3 Best Earnings Acceleration Stocks to Buy in a Strong Q4

In This Article:

After grappling with recession fears, the Federal Reserve’s jumbo interest rate cuts helped the broader S&P 500 to defy the odds of a notorious September and notch record highs. The S&P 500 posted its best three-quarters of the 21st century, and if history is any guide, the index is well-poised to continue its winning streak over the next three months.

The 30-stock Dow and the tech-laden Nasdaq also closed in the green in the first nine months of 2024. Thus, it’s judicious for astute investors to place their bets on stocks such as Argenx SE ARGX, Alphatec Holdings, Inc. ATEC and Olin Corporation OLN that can take advantage of the broader market uptrend. This is because these stocks exhibit strong earnings acceleration, often signaling an increase in the stock price.

What is Earnings Acceleration?

Earnings acceleration is the incremental growth in a company’s earnings per share (EPS). In other words, if a company’s quarter-over-quarter earnings growth rate increases within a stipulated time frame, it can be called earnings acceleration.

In the case of earnings growth, you pay for something that is already reflected in the stock price. However, earnings acceleration helps spot stocks that haven’t yet caught the attention of investors and, once secured, will invariably lead to a rally in the share price. This is because earnings acceleration considers both the direction and magnitude of growth rates.

An increasing percentage of earnings growth means that the company is fundamentally sound and has been on the right track for a considerable period. Meanwhile, a sideways percentage of earnings growth indicates a period of consolidation or slowdown, while a decelerating percentage of earnings growth may drag prices down.

Screening Parameters Using Research Wizard:

Look at stocks for which the last two quarter-over-quarter percentage earnings per share (EPS) growth rates exceed the previous periods’ growth rates. The projected EPS growth rates for the upcoming quarter are expected to exceed those of prior periods.

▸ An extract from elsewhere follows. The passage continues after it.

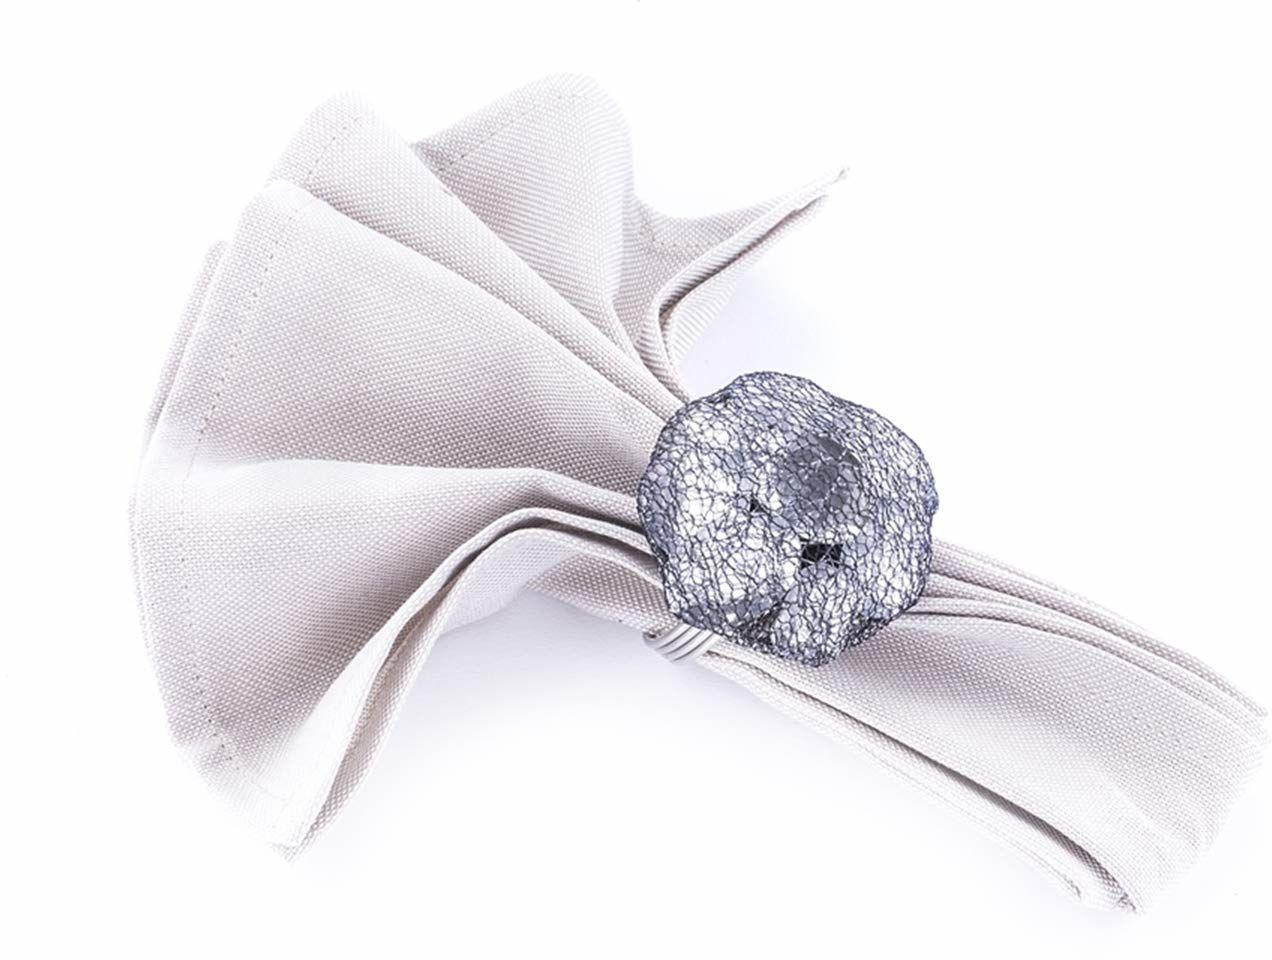 LegendArte lh-036 allacciatovaglioli pierścienie serwetki biżuteria, metal/szkło/wiskoza, szary/srebrny, 19 x 19 x 7 cm, 4 sztuki
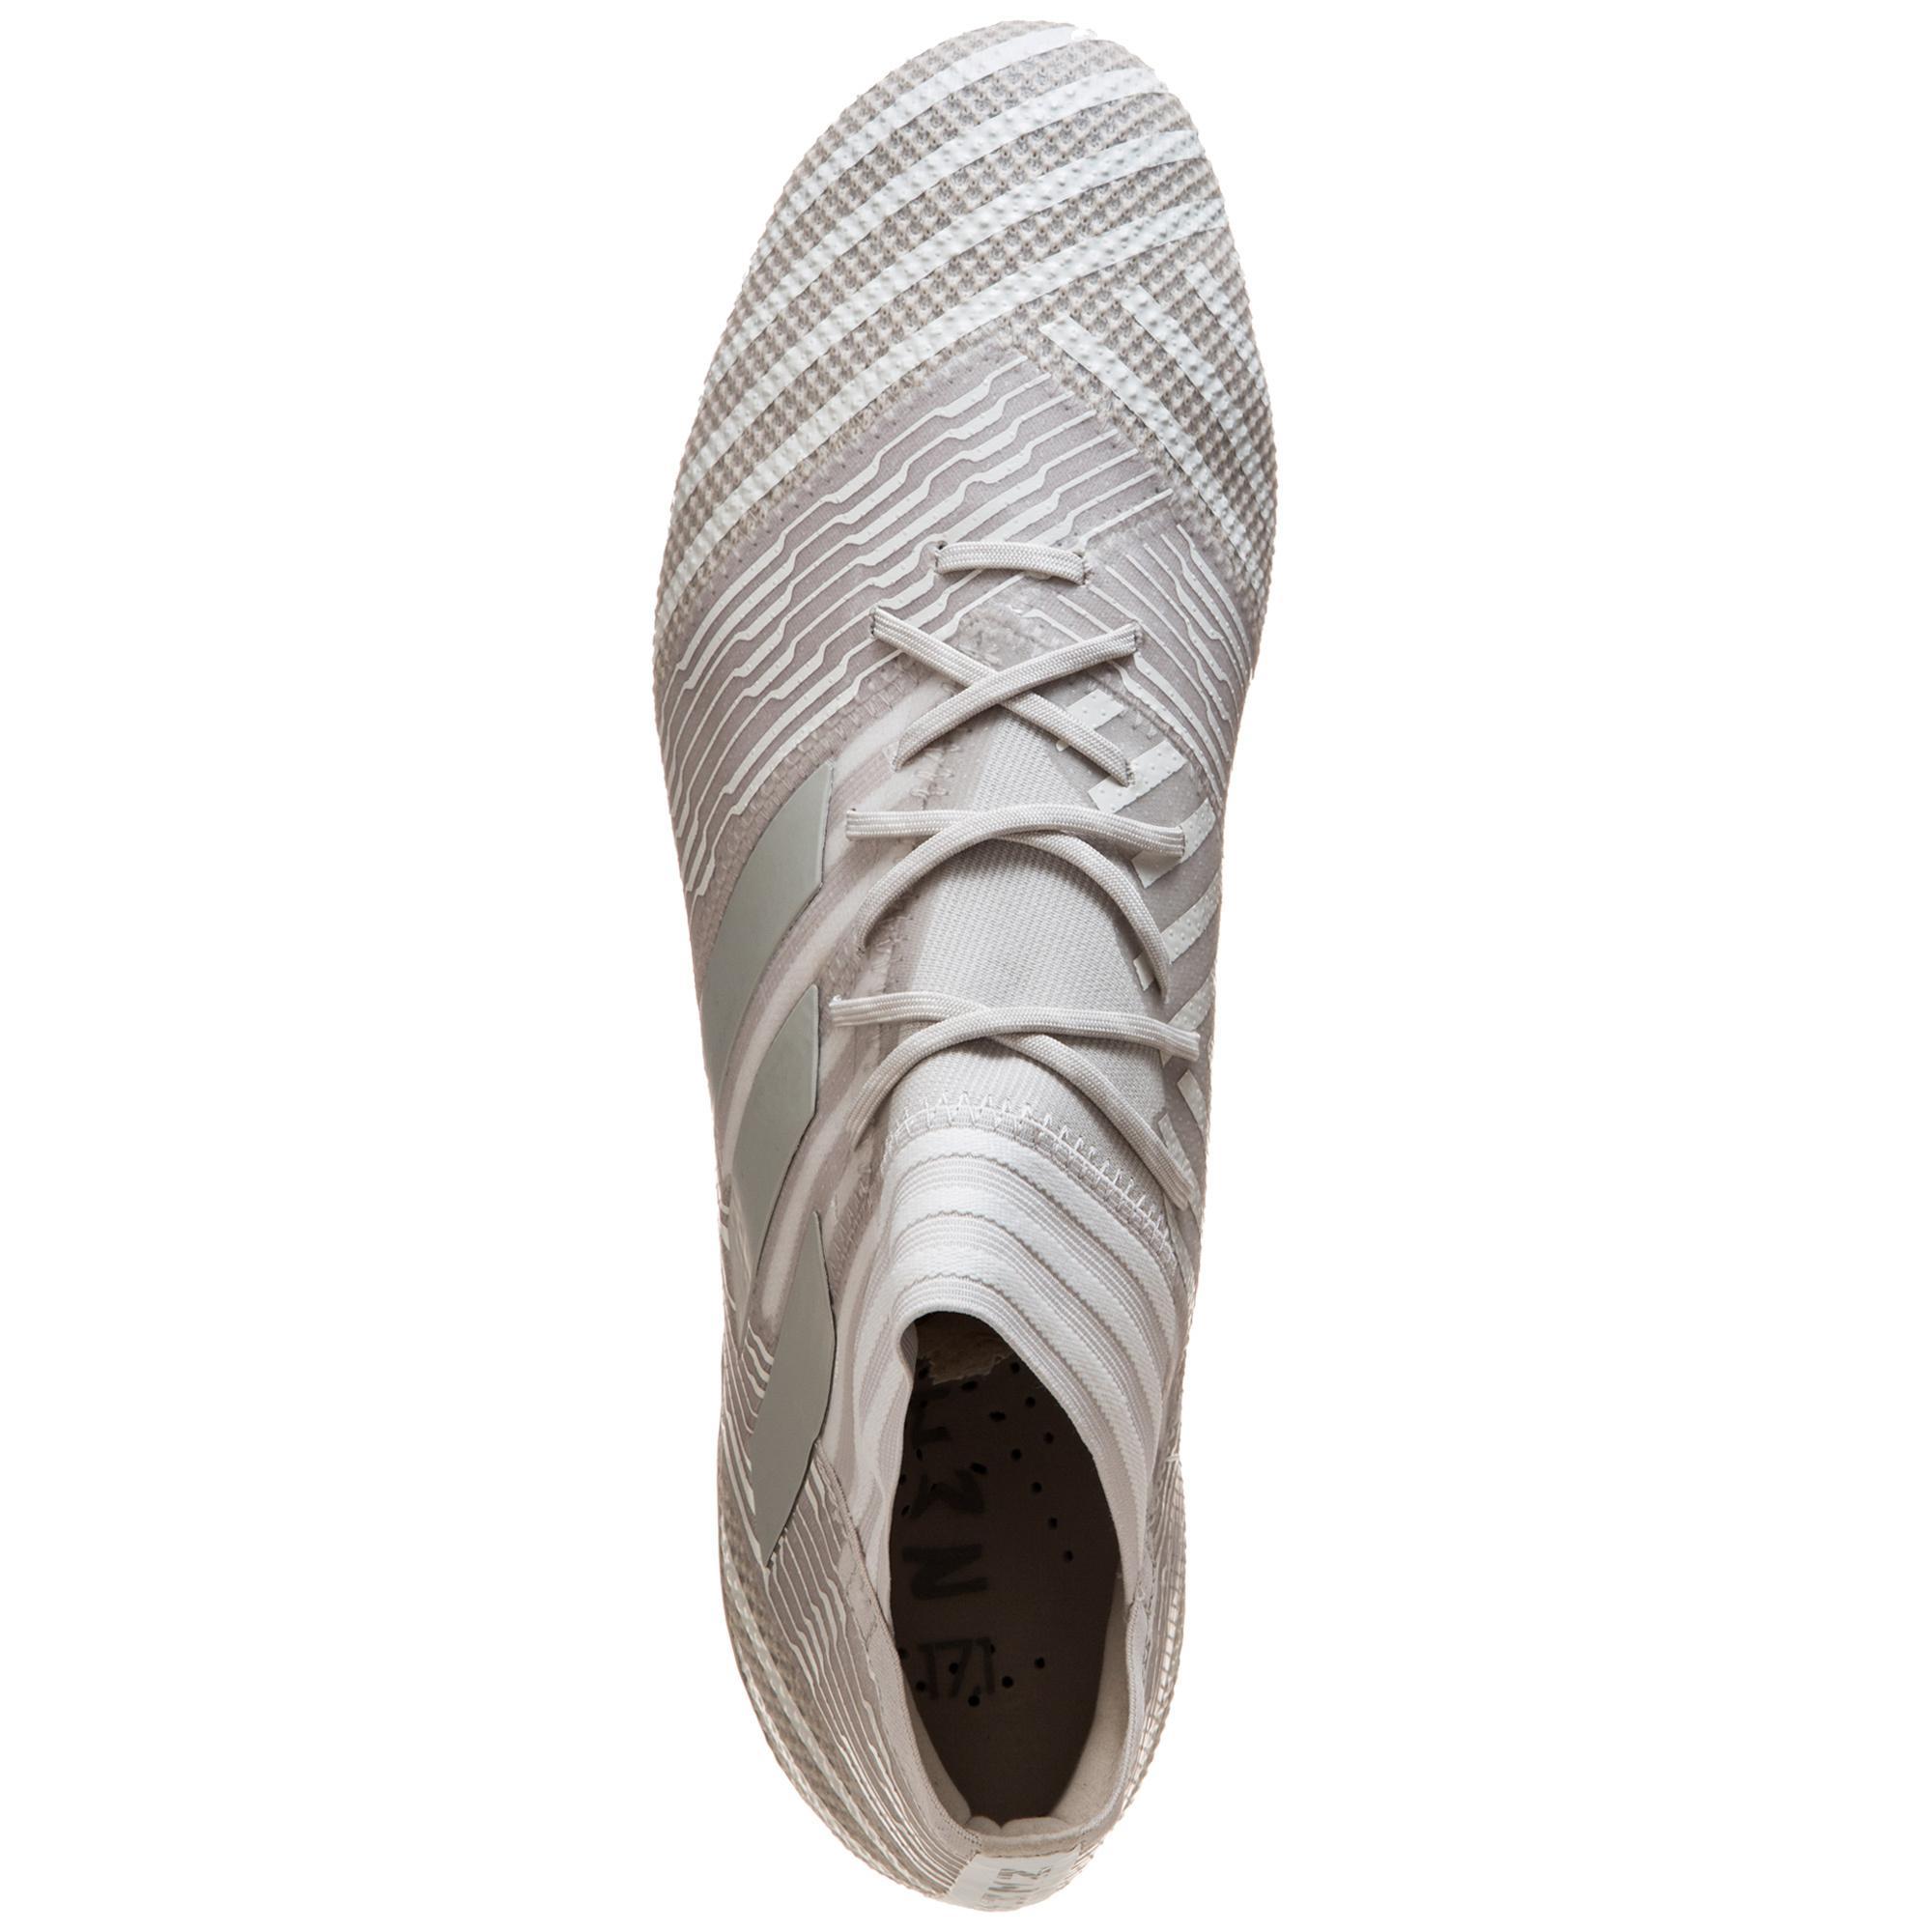 Adidas Nemeziz 17.1 Fußballschuhe Herren hellbraun / beige beige beige im Online Shop von SportScheck kaufen Gute Qualität beliebte Schuhe 14320f

EPS % Projected Growth (Q1)/(Q0) greater than EPS % Growth (Q0)/(Q-1): The projected growth rate for the current quarter (Q1) over the completed quarter (Q0) has to be greater than the growth rate from the completed quarter (Q0) over one quarter ago (Q-1).

EPS % Growth (Q0)/(Q-1) greater than EPS % Growth (Q-1)/(Q-2): The growth rate for the completed quarter (Q0) over one quarter ago (Q-1) has to be greater than the growth rate from one quarter ago (Q-1) over two quarters ago (Q-2).